Press Trust of India Mumbai

The Bombay High Court has granted an interim stay on an arbitral award that ordered the Mumbai civic body to pay a company Rs 1.25 billion as damages in a dispute over an agreement to put up street furniture and signages in the southern part of the city.

The Brihanmumbai Municipal Corporation (BMC) had approached the high court challenging a July 2017 order by the arbitrator directing the civic body to pay the amount to the company, Clear Channel Mumbai Private Limited.

In an interim order on October 29, Justice S C Gupte stayed the enforcement of the arbitrator's award.

 

The BMC's dispute with the company is over the civic body's decade-old initiative to provide world-class facilities to Mumbai citizens by way of street furniture and signages such as billboards, benches, litter bins, drinking fountains and beautification of traffic islands.

The BMC had issued a public notice in 2008, inviting tenders for the initiative for seven zones in the city.

It selected Clear Channel Mumbai Pvt Ltd and entered into a 20-year contract with it in 2010, allotting it prime zone I area -- Marine Drive to Cuffe Parade -- in south Mumbai.

The company later claimed that after signing the contract, the civic body insisted on certain "unauthorised conditions".

The civic body issued a show cause notice to the firm and terminated its agreement in January 2012. After this, Clear Channel Mumbai Pvt Ltd approached the high court, challenging the validity of the agreement's cancellation.
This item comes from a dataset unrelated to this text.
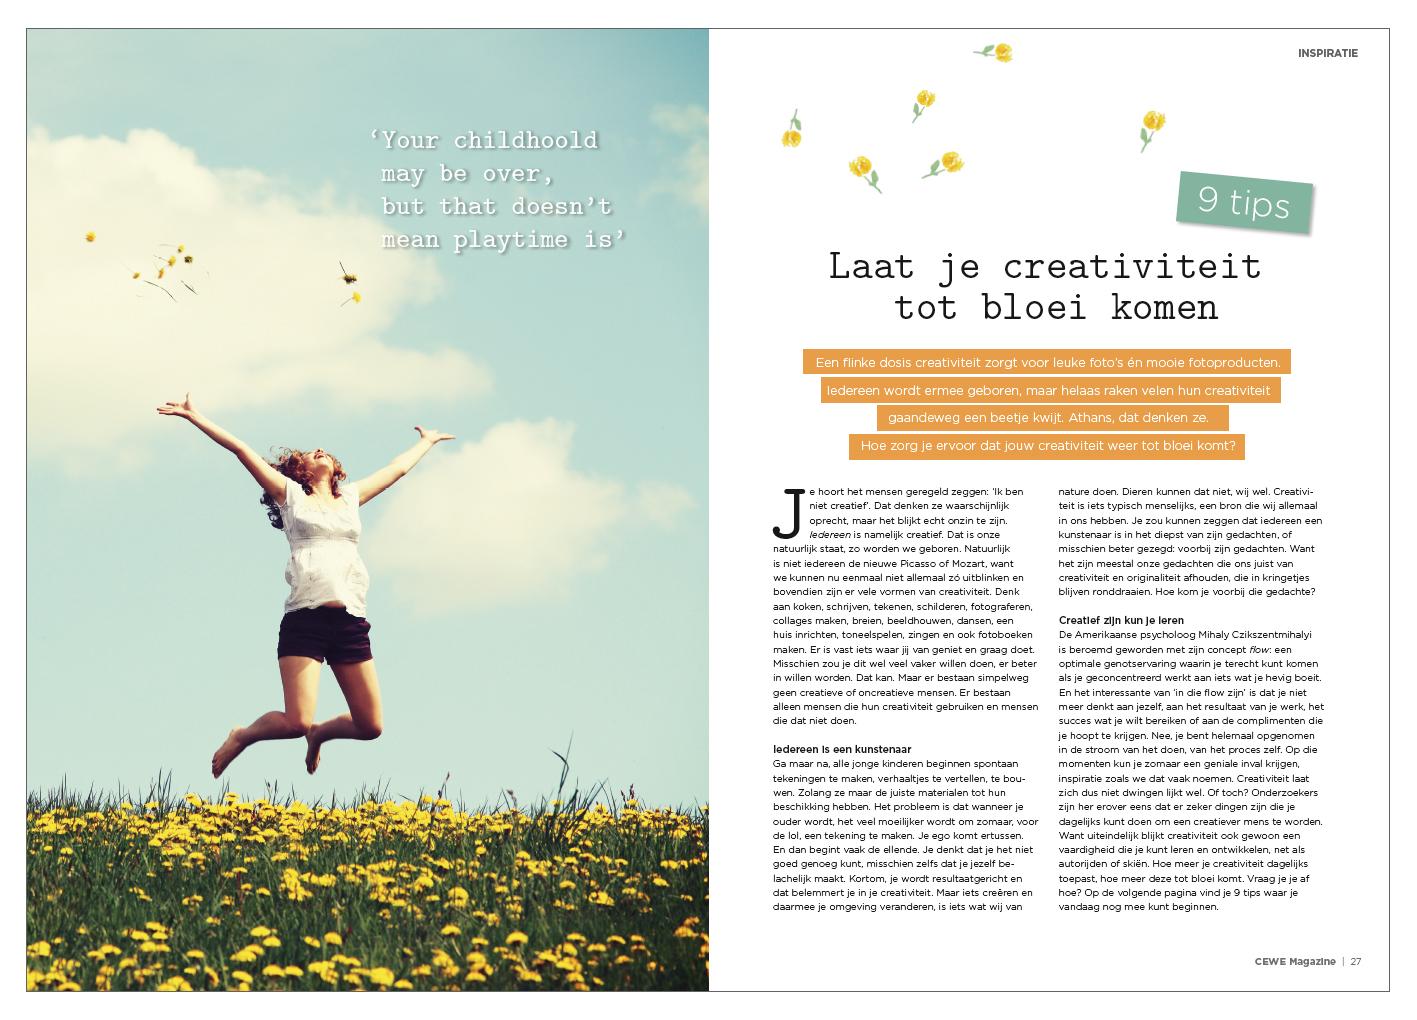 INSPIRATIE Laat je creativiteit tot bloei komen

The high court then sent the dispute for arbitration.

In July 2017, the arbitrator declared the contract was liable to be implemented and "had not been terminated at all".

The arbitrator directed setting aside of the BMC's decision to cancel the contract and granted the company its claim of Rs 1.25 billion "towards loss of profits from January 2012 till July 2017".

The BMC then moved the high court and its counsel Jimmy Pochkhanawalla argued that the arbitrator had erred.

Justice Gupte observed that there was prima facie merit in the civic body's case.

"It appears doubtful if specific performance of such a contract is permissible," the court order said.

"The award of damages has been granted on the basis of loss of prospective and presumptive profits for the project. The estimation of losses appears to be a matter of speculation," it said.

The high court, while staying enforcement of the arbitrator's award, allowed the BMC to substitute a bank guarantee that it deposited for Rs 1.25 billion into fixed deposits and also expedited hearing of its appeal.